The velocity of the baseball,${}^{\mathrm{v}=85\mathrm{mi}/\mathrm{h}}$

The straight path covered by the baseball,${}^{∆\mathrm{x}=60\mathrm{ft}}$

The angular velocity of the baseball,${}^{\mathrm{\omega }=1800\mathrm{rev}/\min }$

Angular velocity represents the rate at which an object rotates about an axis. Angular velocity is a vector quantity, with direction given by right hand rule.

The expression for linear velocity is given as:

$v=\frac{∆x}{∆t}$ … (i)

Here,${}^{∆x}$is the linear displacement and${}^{∆t}$is the time interval.

The expression for angular velocity is given as:

localid="1654330564056" $\omega =\frac{∆\theta }{∆t}$ … (ii)

Here,${}^{∆\theta }$is the angular displacement.

Convert the velocity from mi/h to ft/min.

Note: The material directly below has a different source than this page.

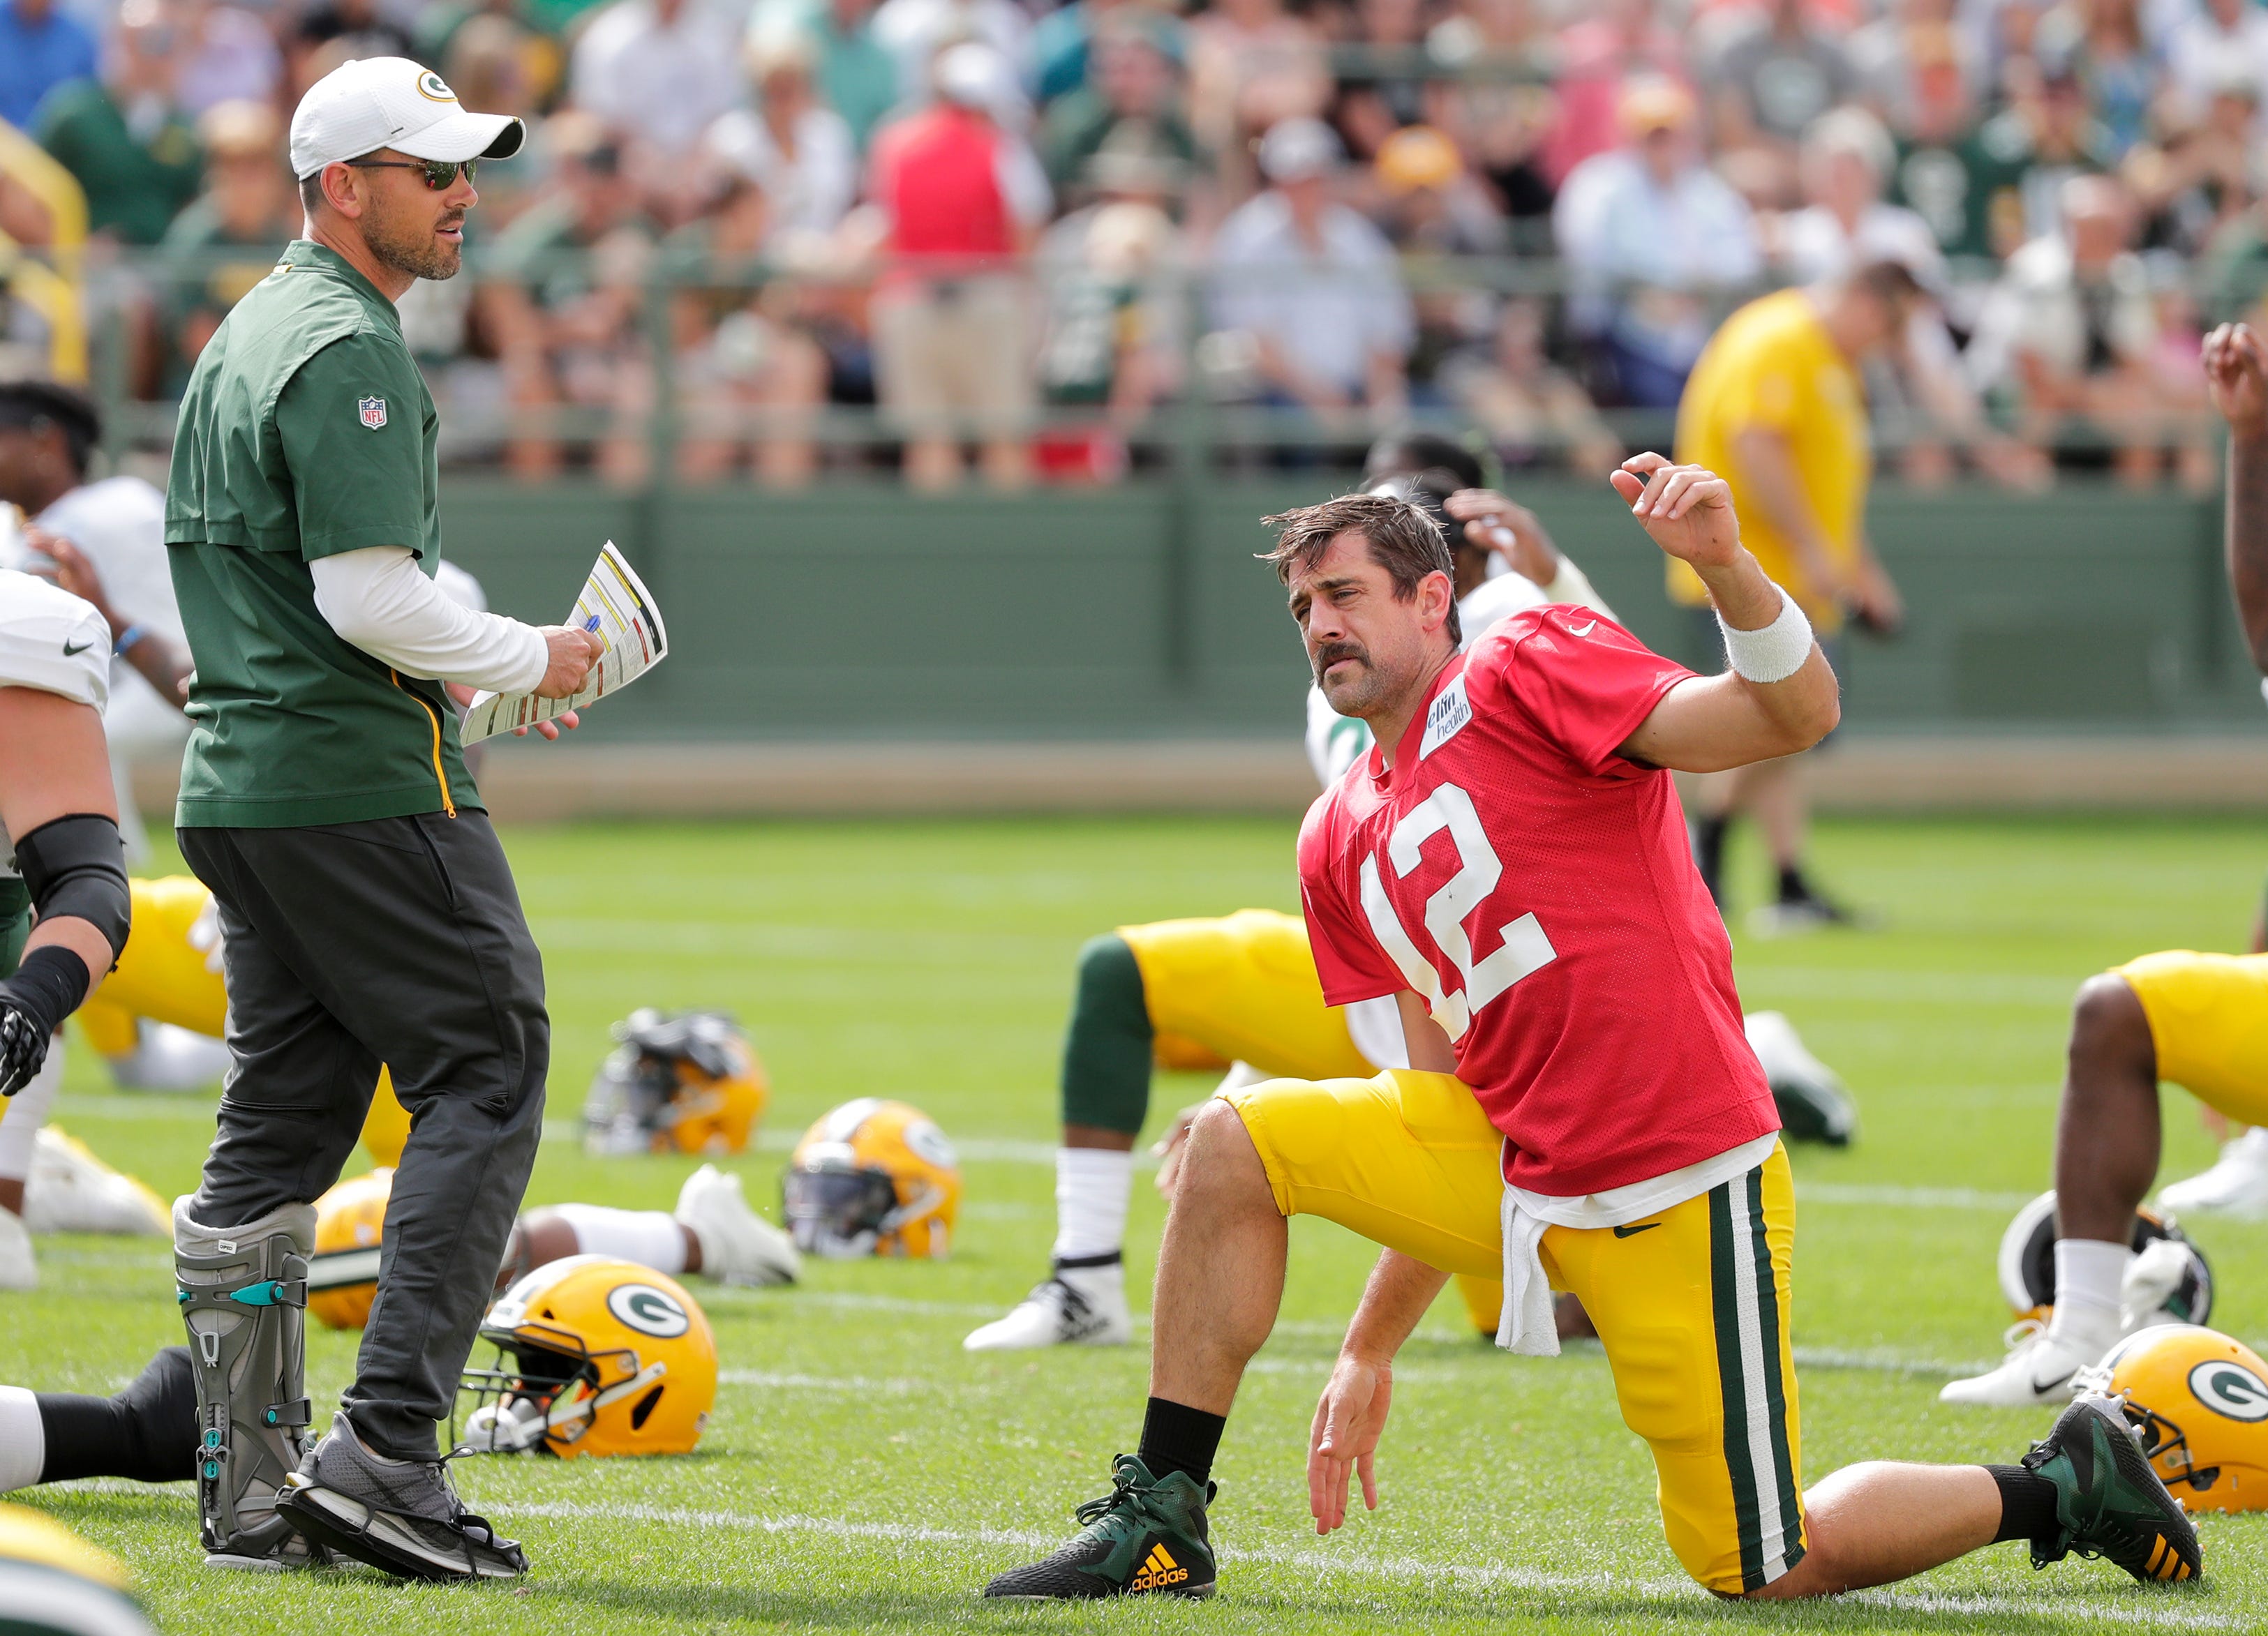 Green Bay Packers' head coach Matt LaFleur talks to Aaron Rodgers as he stretches during training camp practice Tuesday, August 13, 2019, at Ray Nitschke Field in Ashwaubenon, Wis.

$$\begin{gathered} \mathrm{v}=85\mathrm{mi}/\mathrm{h}\left(\frac{5280\mathrm{ft}}{1{\mathrm{m}}_{\mathrm{i}}}\right)\left(\frac{1\mathrm{h}}{60\min }\right) \\ =7480\mathrm{ft}/\min \end{gathered}$$

Using equation (i), the time interval is calculated as:

$$\begin{gathered} ∆\mathrm{t}=\frac{∆\mathrm{x}}{\mathrm{v}} \\ =\frac{60\mathrm{ft}}{7480\mathrm{ft}/\min } \\ =0.008\min \end{gathered}$$

Thus, the time taken to reach home plate is$0.008\min$.

Using equation (ii), the number of revolutions can be calculated as:

$$\begin{gathered} ∆\mathrm{\theta }=\mathrm{\omega }\times ∆\mathrm{t} \\ =1800\mathrm{rev}/\min \times 0.008\min \\ =14.4\mathrm{rev} \\ \approx 14\mathrm{rev} \end{gathered}$$

Thus, the baseball makes 14 revolutions on its way to home plate.